Needless to say, we revised that statement.

THOM LIEB

Covington

Dirty story

Dear Smiley: As a child, I knew the dirt ring around my neck (mentioned in previous columns) as “Miss Minerva’s necklace.”

I grew up in Bogalusa on a dairy farm, so I had dirt around my neck every day.

Apparently, there was young lady in Bogalusa who "invented" the dirt bead necklace because she played in the dirt and never took a bath. My Momma said her name was Minerva.

So, every night my Momma would tell me to take a washcloth and wash away “Miss Minerva’s necklace.”

This tradition is still going strong in my home. Whenever any of my five grandkids spend the night, they are dutifully told to take a washcloth and wash away “Miss Minerva’s necklace.”

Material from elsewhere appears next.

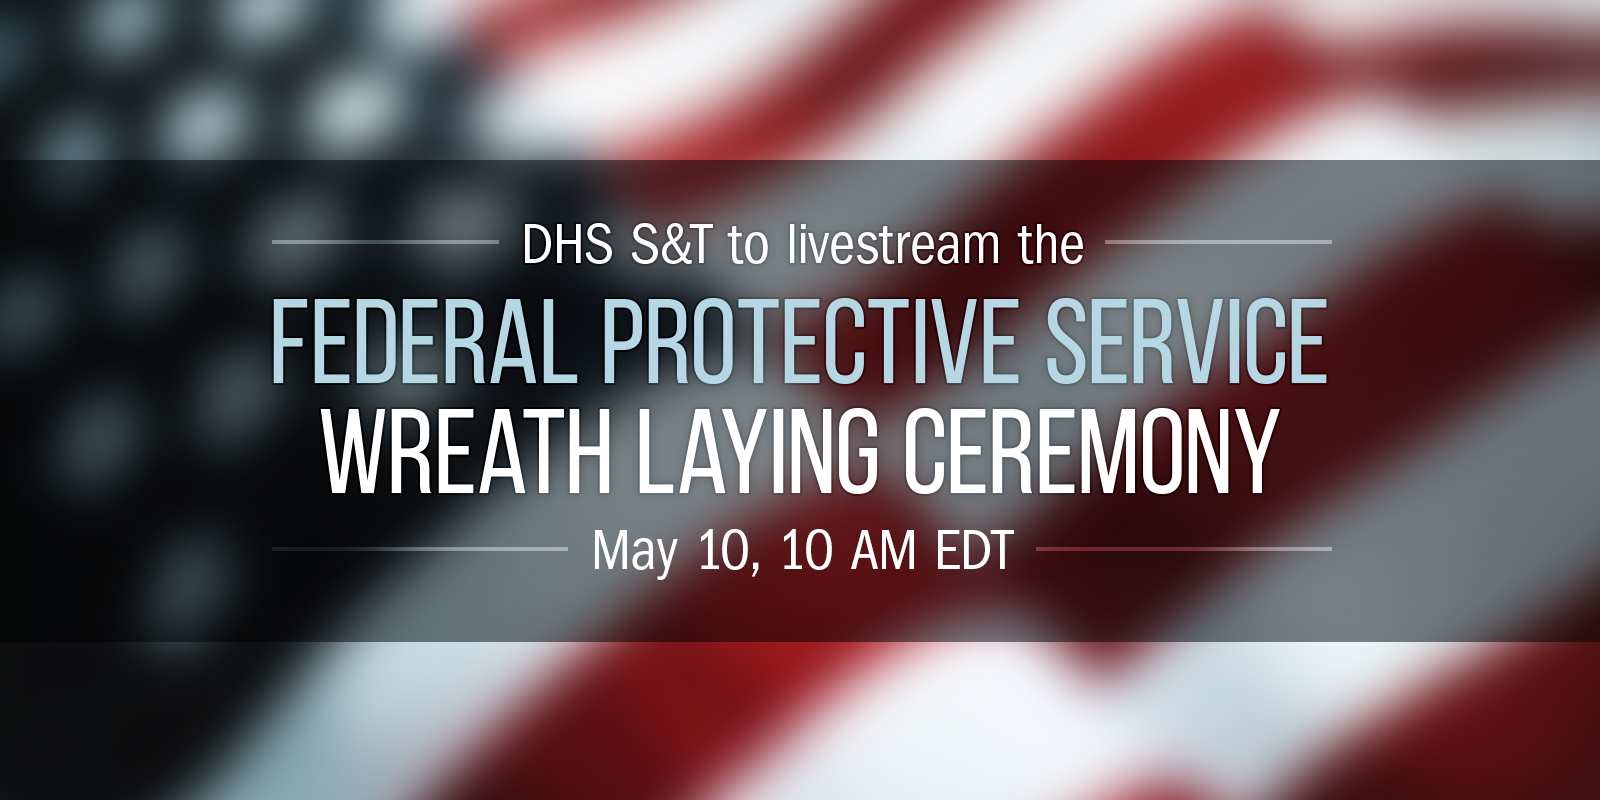 DHS S&T to livestream the FPS Wreath Laying Ceremony; May 10, 10:00 AM EDT.

My grandkids ask me what Miss Minerva looked like. I don’t have an answer for that, but I am pretty sure you can spot her, because she will be wearing a dirt bead necklace.

WARREN BYRD

Baton Rouge

Cajun call

Dear Smiley: Many thanks to Dr. May Waggoner for the historical context and correct spelling of “Laissez les bons temps rouler.”

To get across the same idea, I’ve heard many shout out: "AAAAAAYeeeeeeeee!”

Yeah, I’m not sure of the spelling of that either.

JERRY KING

Gretna

Concerned wife

Dear Smiley: My husband puts dill pickles in gumbo.

KAREN McLIN

Greenwell Springs

Dear Karen: Sorry, this column does not deal in marital problems.